In debates about the role of academics and intellectual publishing, a set of buzzwords gets tossed around frequently: insularity, ivory-tower, town/gown. In all of these terms there is the assumption of an inherent divide between the academic and the public, an idea that semi/public intellectual work is seeking to remedy. I would like to posit that to make further progress against this limiting binary, academics must be willing to engage with the public. Note that public engagement need not be synonymous with dumbing work down, nor does public engagement automatically exclude the possibility of publishing within the academic community. However, only once academics are willing to get their intellectual hands dirty will intellectual work start to have more of an impact in the world at large (whether large impact is the desired end goal is a discussion for another day).
Creating this public engagement without sacrificing intelligence is one of the challenges of this movement, but it is a challenge that won’t be met unless ambitions intellectuals are willing to step up, renegotiate the terms of ‘public intellect’ and take success and mistakes in stride. In, “In the Context of Infinite Contexts,” Hua Hsu suggests that, “We must leave behind the old language and precepts and build new relations with the public” (466). What does this look like? We can’t fully know yet, partially because the shifting digital plane alters the way we communicate every day and partially because any bold movement has elements of the unknown, risking the safe status quo for the hope of something better.
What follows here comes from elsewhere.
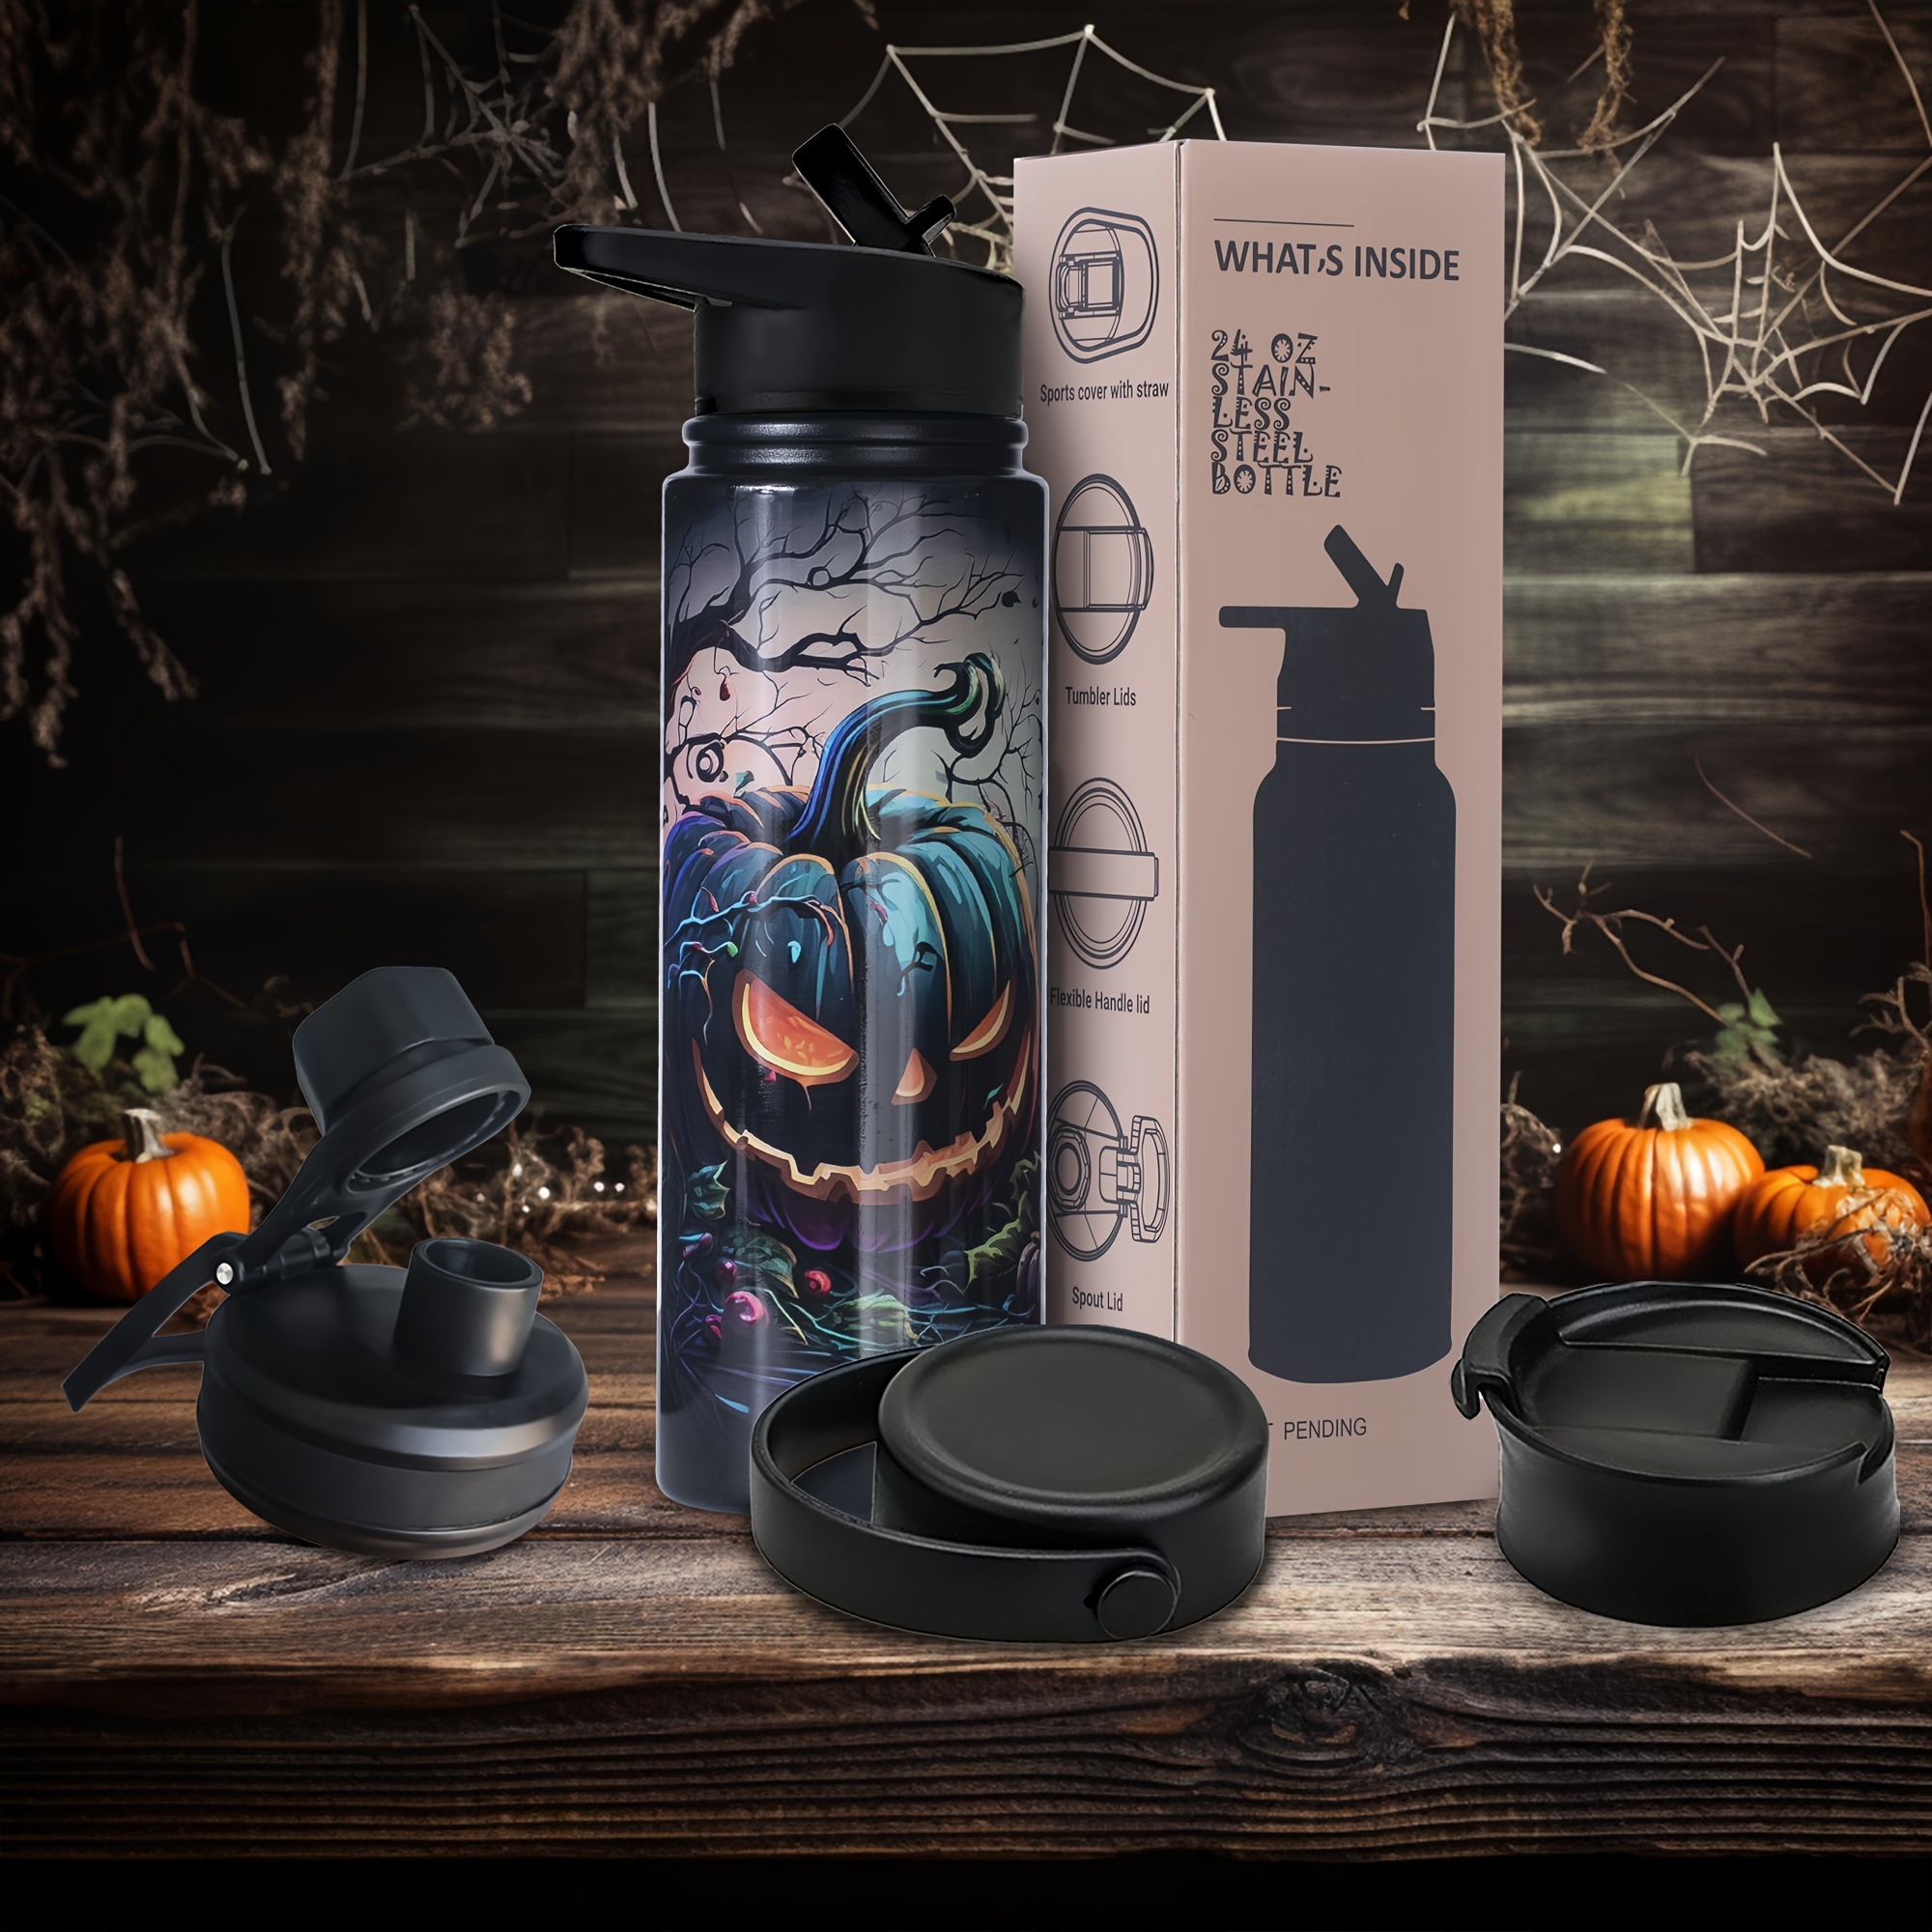 

Halloween Water Bottle With Grimace - 24 Oz Insulated Cups With Straws And 4 Lids, Halloween Tumbler Gifts For Friends Kids, Made Of Stainless Steel, The Gram Weight Is 1.22lb.

The inevitable pushback will come in many forms. In an article urging academics to continue publishing obscure academic work, James Mulholland suggests that his research on British colonial authors that have seen little readership since the 1790s holds value because it, “builds on themes that are important to our modern society, such as the possibilities or failures of cross-cultural dialogue, the relationship between corporations and social communities and the sharp tongue of satire in political discourse” (np). All valid points. What Mulholland fails to articulate is why this work must be cloistered within academia instead of being ported to a semipublic stance. Furthermore, his list of valid points includes few ideas for how his obscure research might spring to life down the road. Instead, his hope hinges on his currently obscure work someday becoming relevant, potentially long after he has passed.
Based on these perspectives, I see little reason why academics should shy away from public engagement. If Mulholland aims for public engagement and fails, so be it. It does not preclude his work from becoming important in a future theoretical scenario. There already exists substantial stereotyping of academics as reclusive, cryptic, and fully happy to stay that way. Unless academics are willing to engage the stereotype and get their intellectual hands dirty, that stereotype will continue to dominate and the chance for impactful academic work will remain marginal.
Hsu, Hua. “In the Context of Infinite Contexts.” PMLA 130.2: 2015. 461-466. Web.
Mulholland, James. “Academics: Forget About Public Engagement, Stay in Your Ivory Towers.” The Guardian. 2015. Web.